Calculating Rod's Speed After Free Fall

[jdstokes]

Homework Statement

From the GRE 0177 practice exam:

A thin uniform rod of mass M and length L is positioned vertically above an anchored frictionless pivot point, as shown above, and then allowed to fall to the ground. With what speed does the free end of the rod strike the ground?

The Attempt at a Solution

$\frac{MgL}{2} = \frac{1}{2}I \omega^2 \implies$
$MgL = \frac{1}{12} M L^2 \omega^2 \implies$
$\omega = \sqrt{\frac{12g}{L}} \implies$
$v_t = L\omega = \sqrt{12gL}$

Answer
$v_t=\sqrt{3gL}$

Any help would be appreciated.

 

[nvn]

0.5*m*g*L + 0 + 0 = 0 + 0.5*m*v_c^2 + 0.5*I_o*omega^2, where v_c = tangential velocity of rod centroid, and I_o = rod centroidal mass moment of inertia.

 

[jdstokes]

Hi nvn,

Your equation is incorrect. Why have you put a point mass term on the RHS?

 

[jdstokes]

Oh I understand now, the moment of inertia requires a modification because the object is not rotating about the center of mass. Thanks.

 

[Dick]

The moment of inertia of a rod is only (1/12)*M*L^2 if it's rotating around the center. If it's rotating around an end it's (1/3)*M*L^2. Ach, I see you have already figured it out. Good job!

 

[jvicens]

jdstokes, nvn, Dick,

I was searching the analysis for this particular falling rod problem as I'm currently trying to figure out the speed of the free end of the rod just before it hits the ground.

If we are assuming all the mass of the rod as located at its center of mass when we calculate the potential energy (Ep=M.g.L/2), why are we not considering the same thing (mass located at its center of mass) when we calculate Moment of Inertia? In this case I=M(L/2)^2?

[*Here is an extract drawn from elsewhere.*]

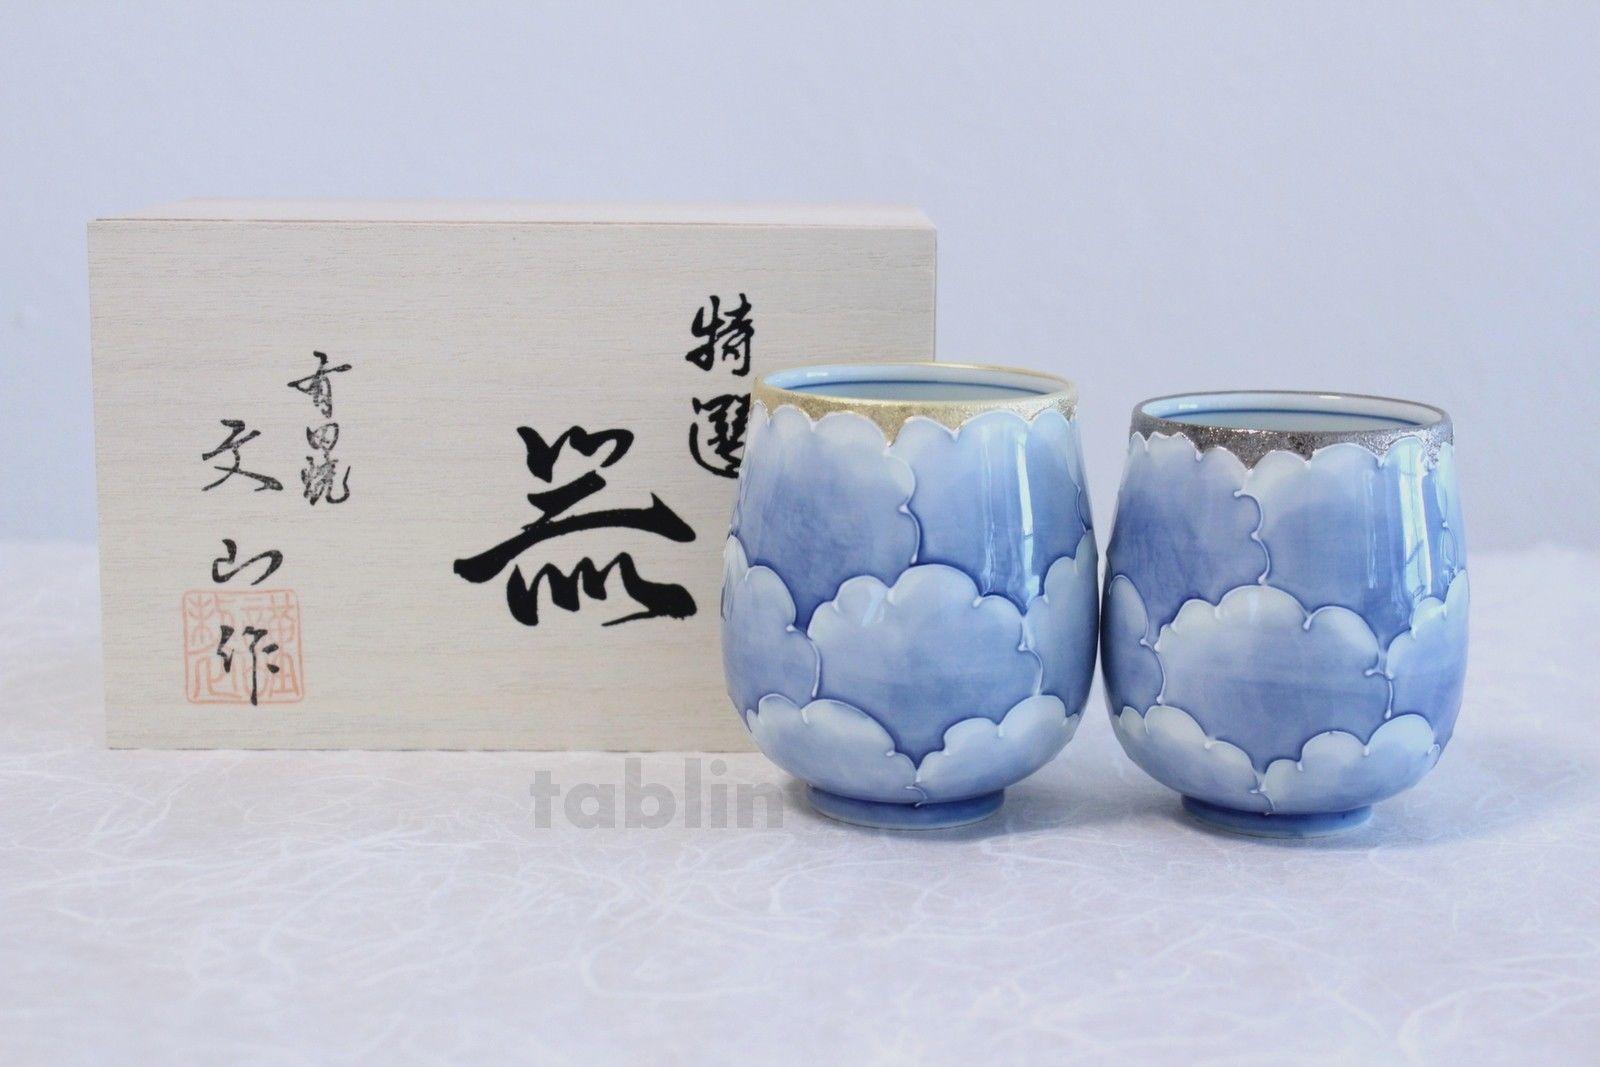 Fullsize Of Japanese Tea Set

The next question is about the kinetic energy before the rod hits the ground.
Shouldn't we consider two components of the kinetic energy: one due to angular velocity and another due to tangential velocity?

Taking into considerations these two assumptions I got that Vend=SQRT(2gL)

Jvicens

 

[nvn]

jvicens: The mass moment of inertia of the rod is centroidal as stated in post 2. The rod mass is distributed along its length, not concentrated at its center. Try looking up I_o again; your formula appears incorrect.

The answer to your second question is, yes, we should, and we are. See post 2. Your current answer appears to be incorrect.

 

[jvicens]

nvn,

I understand what you said for my second question but I was initially still confused about the moment of inertia that should be used in these calculations
I thought that the expression for potential energy 0.5xMxgxL was derived assuming the entire mass of the rod located at its center of mass and this was the wrong assumption. With calculus is easy to see that the above mentioned expression is the result of integrating dEp along the length of the rod from zero to L. As we have not considered the total mass concentrated in the center of mass of the rod then we should not consider either the moment of inertia as coming from a concentrated mass located in the center of mass. I should have taken Io as the one from a rod rotating by one of its ends (Io= 1/3xMxL^2).
The new calculation yields Vend = SQRT(3xgxL/4). Is this in agreement with your calculations?
Jvicens

 

[nvn]

jvicens: You can instead work the problem that way, which is a good method, but it gives the same answer (which is stated in the last line of post 1), not the answer you listed.